“Will your Highness condescend to take a chair?”
Still holding the milliner’s warm hand the play-actress stood erect.
“Sir, it has been your pleasure to command the revelation of a secret which concerned only my humble person. I understand even that you have honoured me so far as to make my insignificance the object of a wager. I trust I am too obedient a subject to disobey my future Sovereign, too loyal not to assist him in the gratification of his sporting instincts. With the more readiness, indeed, that at four o’clock this afternoon my reason for wishing to keep my unimportant identity, my unobtrusive abode from the knowledge of the world has ceased to exist——”
She broke off.
Not more intently had the mighty audience hung upon her lips to-night than did now these four, her oddly entertained guests. Pamela’s heart beat high. She felt herself as on the very edge of some fathomless chasm of tragedy.
“Your Royal Highness,” went on Felicity Falcon, her sweet voice hoarse, “since it is your pleasure to know it, my name is Gwenlian Morgan. I am the wife——” A spasm crossed her face. She caught her breath, and went on: “I married one Evan Morgan, a Welsh preacher. Ours has been a great love; but with him God was always first. He believed he had a call to London. We left the fair hills and our cottage for these dreadful streets. He failed. He fell into a decline. We had hardly any money left. He could work no more, and he would not take charity. I had to earn for him. How? I had to earn much and quickly or he would die. There was only one way, and that way anathema to him. To his pure and lofty mind the stage was always ruin and damnation!”
Again there was a brief silence. The equerry tried to whisper to Mr. Sheridan, but that good-hearted gentleman gave him an angry scowl. The Prince sat breathing hard, his eyes fixed, his mouth slightly open.

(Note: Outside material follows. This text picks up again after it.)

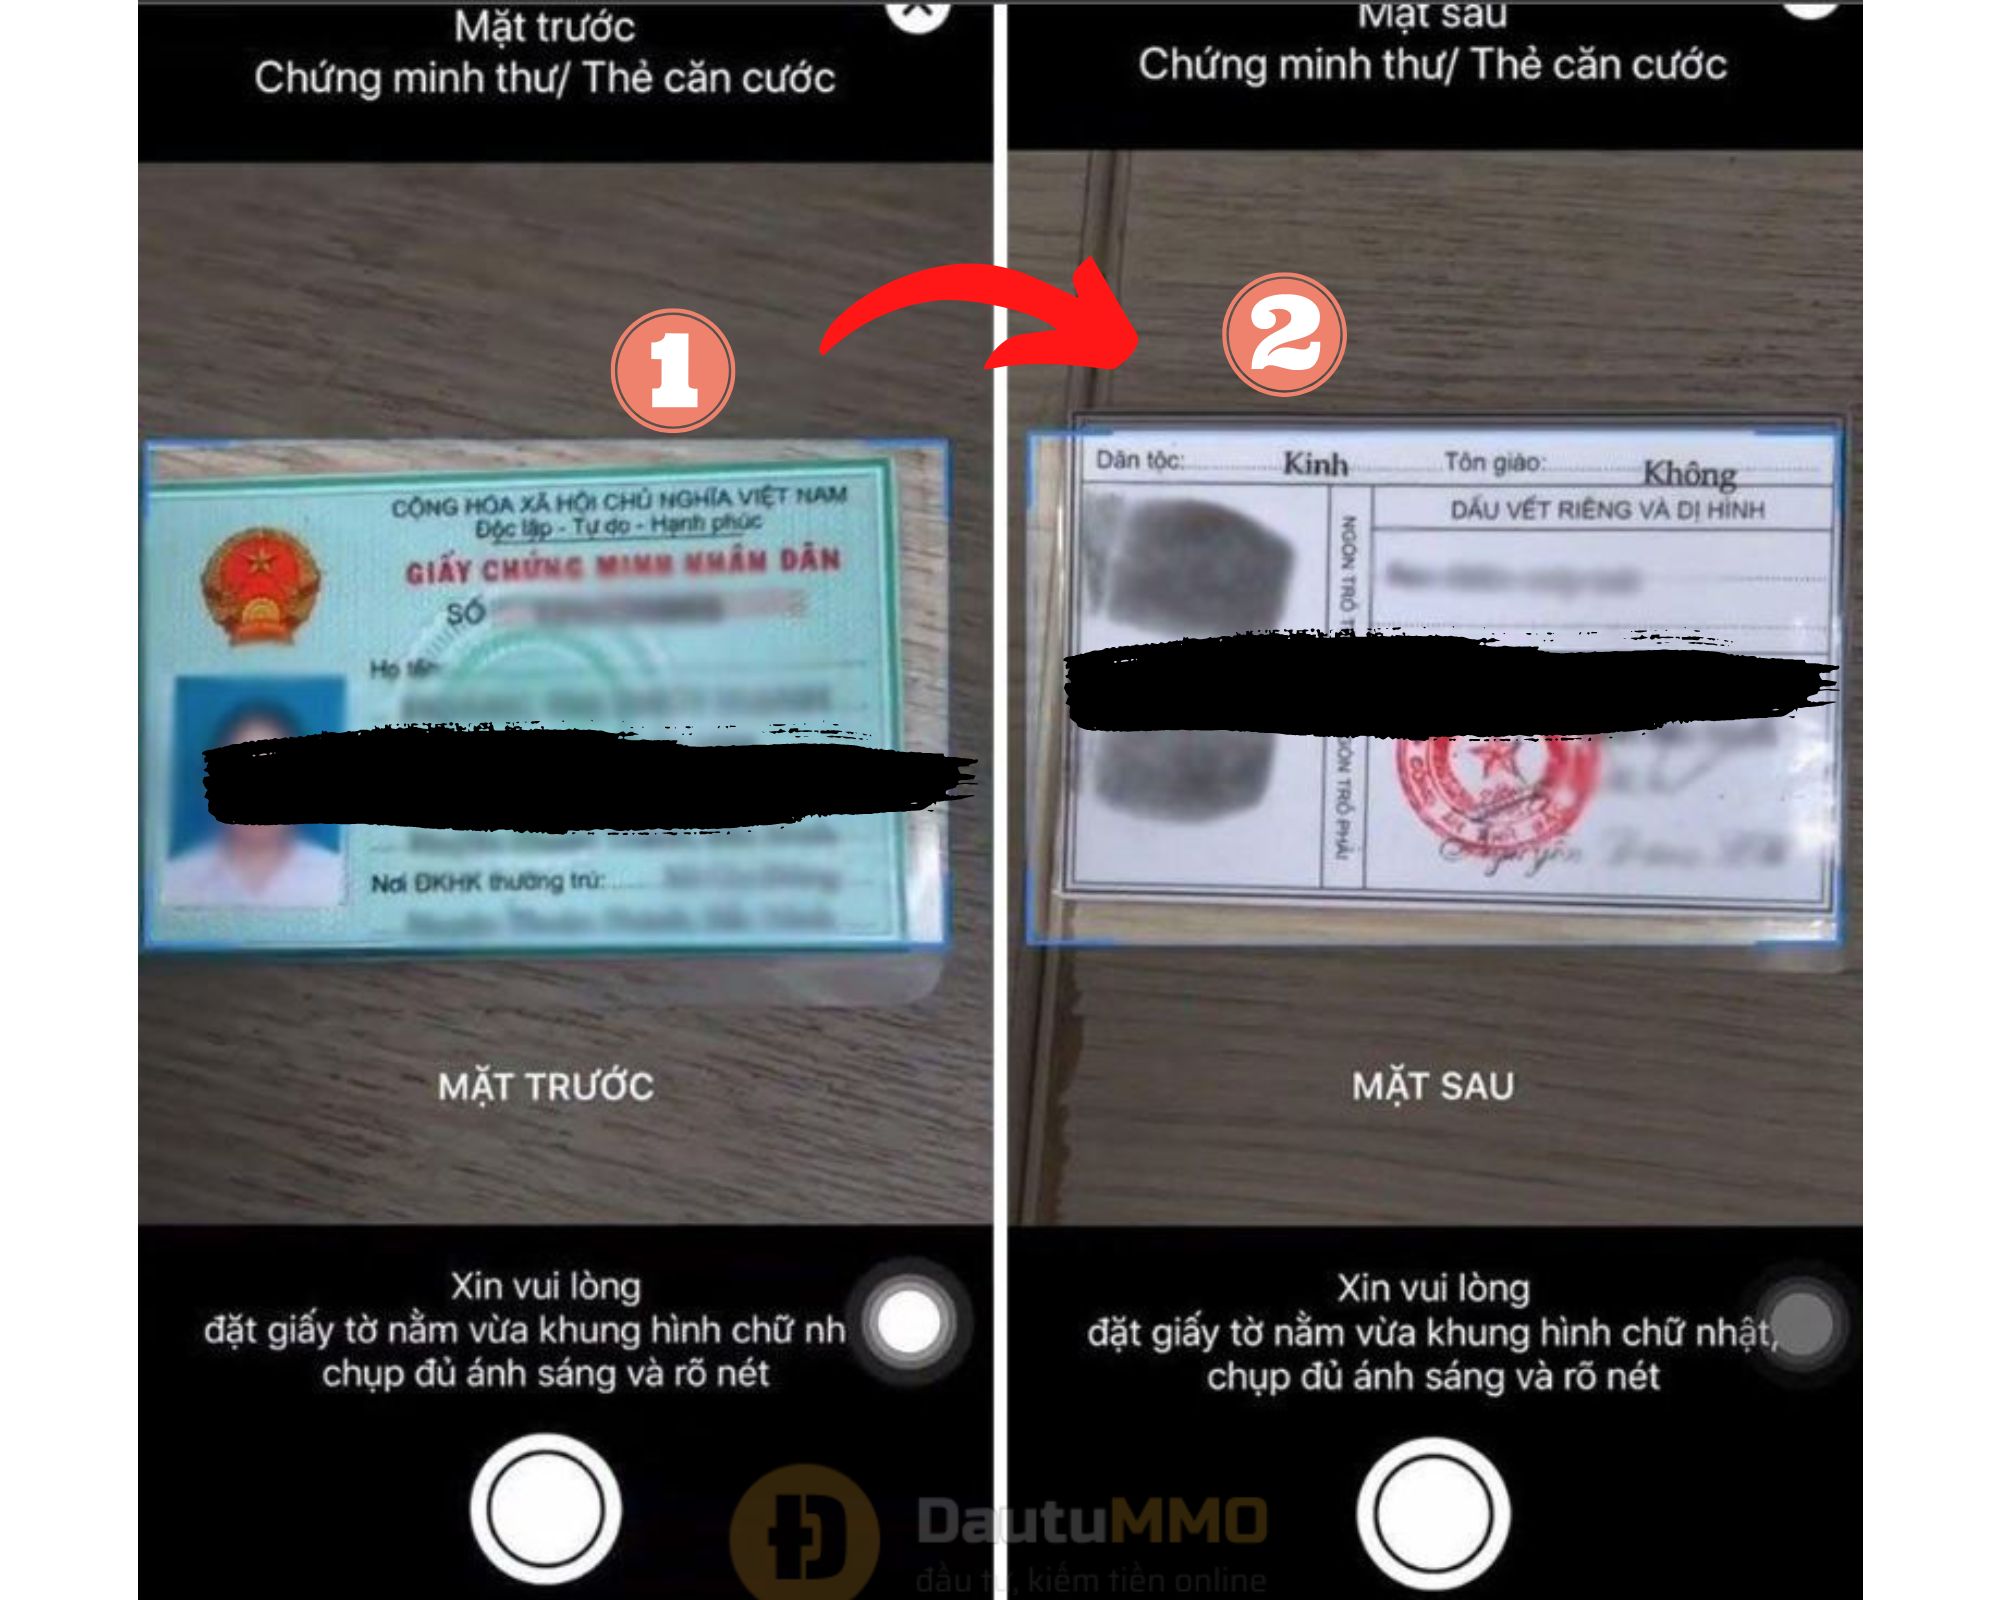 Chụp ảnh mặt trước và mặt sau chứng minh thư nhân dân để xác minh danh tính tài khoản MBBank
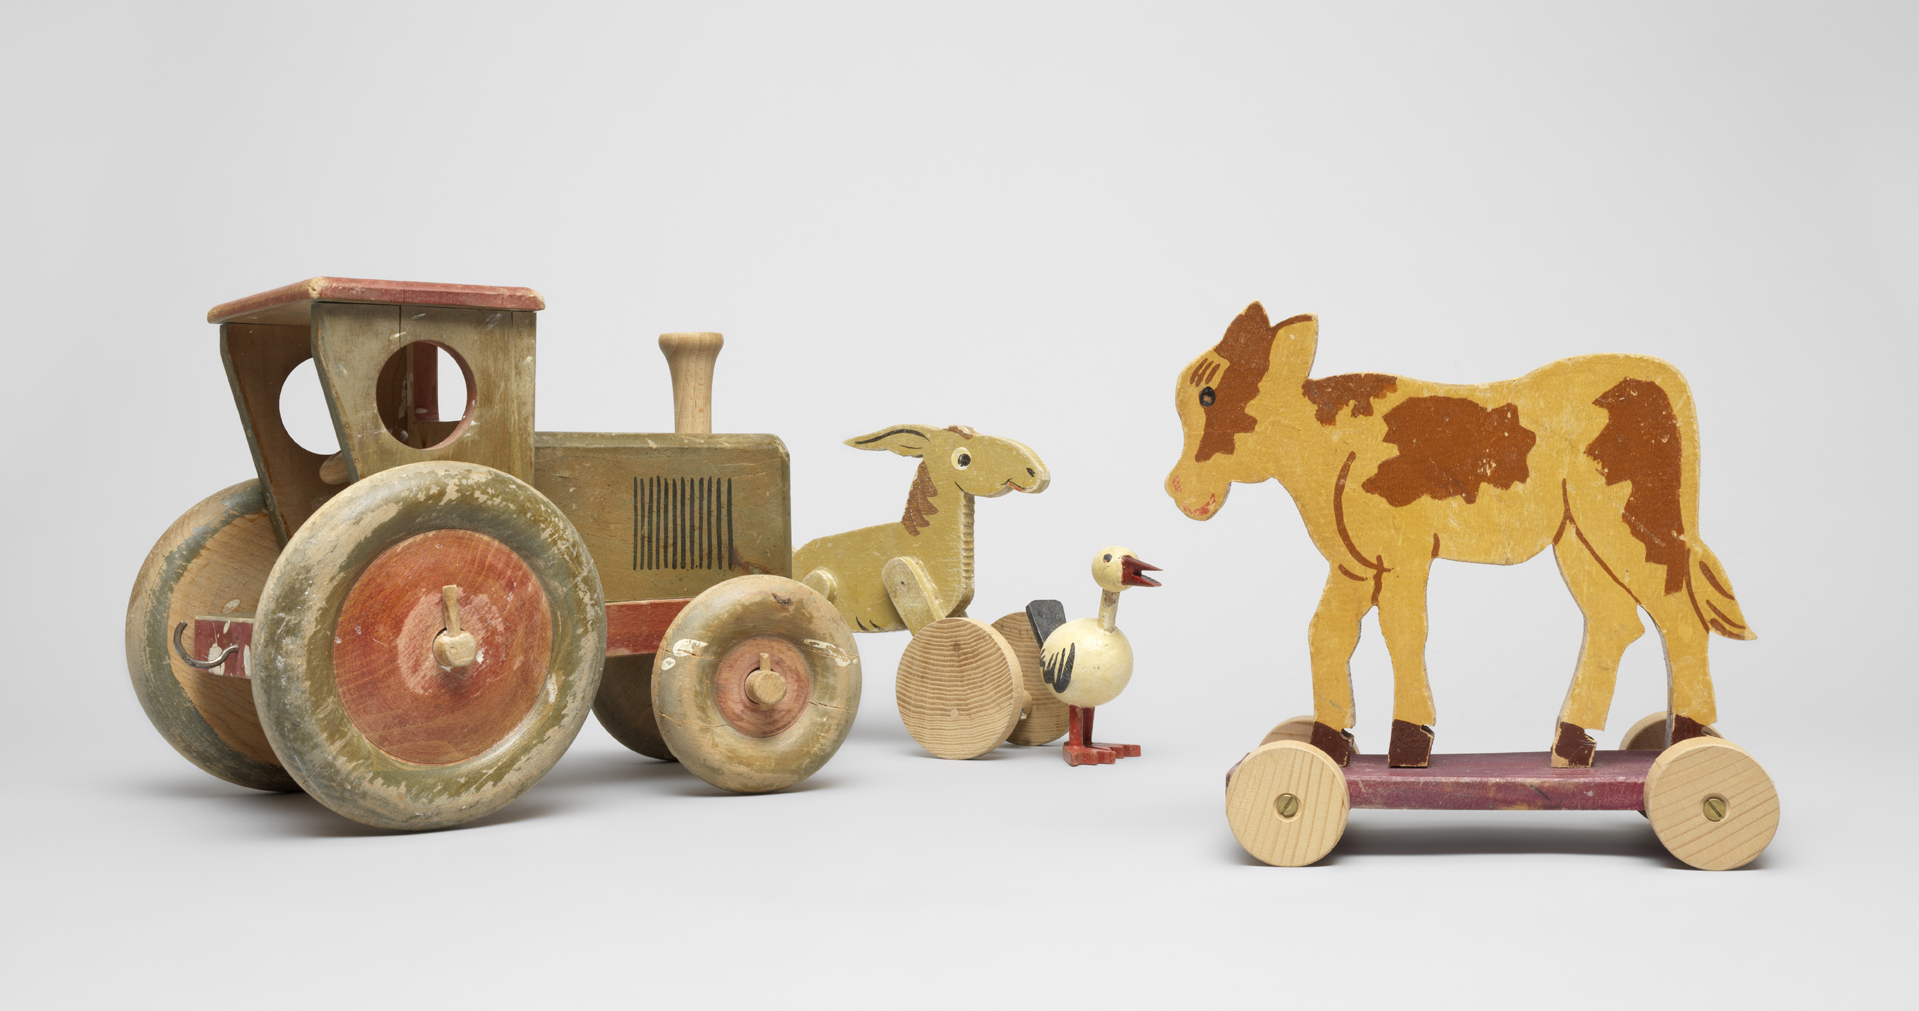 Spielwaren aus der Produktion der Firma Heinz, 1920er-/1940er-Jahre.

“There was but one way in which I could earn much and quickly. I took it. I took it in secret. I began low. Fortune favoured me. I was noticed behind the scenes by one whose notice meant advancement. Yes, sir”—she flashed a dark look at the equerry, who murmured a name—“my Lord Harborough was a generous patron; and then all came easy. At home I had but to lie. Good heavens, how I lied and plotted and contrived and deceived! But what did anything matter? There was no crime save unfaithfulness to my Beloved that I would not have committed for his sake. I told him I had inherited a fortune. I kept him almost from the first in comfort. When I was able to hire this house I told him I had sold out funds to do so. He believed me. He trusted me. He would as soon have thought of doubting an angel, as of doubting me. And so I—hoodwinked him. It was the easier that he had to keep to his bed. My one servant, his nurse, deaf and silent, never pried into my comings and goings. She believed, like him, that they were accounted for by the chapel meetings and mission-work; by necessary relaxation and repose. I went in and out of this house at night by the mews at the back. No one ever saw me enter. I took care of that. To-day—to-day the doctor came. He filled me with more hope than ever before. ‘Take him to Italy,’ he said. ‘And ’twill be a cure!’ With four thousand pounds in the bank——”
She stopped so suddenly that Pamela cast an arm about her, fearing she might fall; but she clasped a rigid strength. Mr. Sheridan raised his quizzing glass to stare at the actress’s countenance; into her pale cheeks a fierce colour had risen. She was amazingly beautiful.
“And so, my dear Miss Falcon—my dear Mrs. Morgan,” he cried curiously, “you took the favourable moment of confessing your subterfuge, your heroic subterfuge, to your pious husband! How did he bear it? A Welshman and a chapel man! I trust it was not a shock.”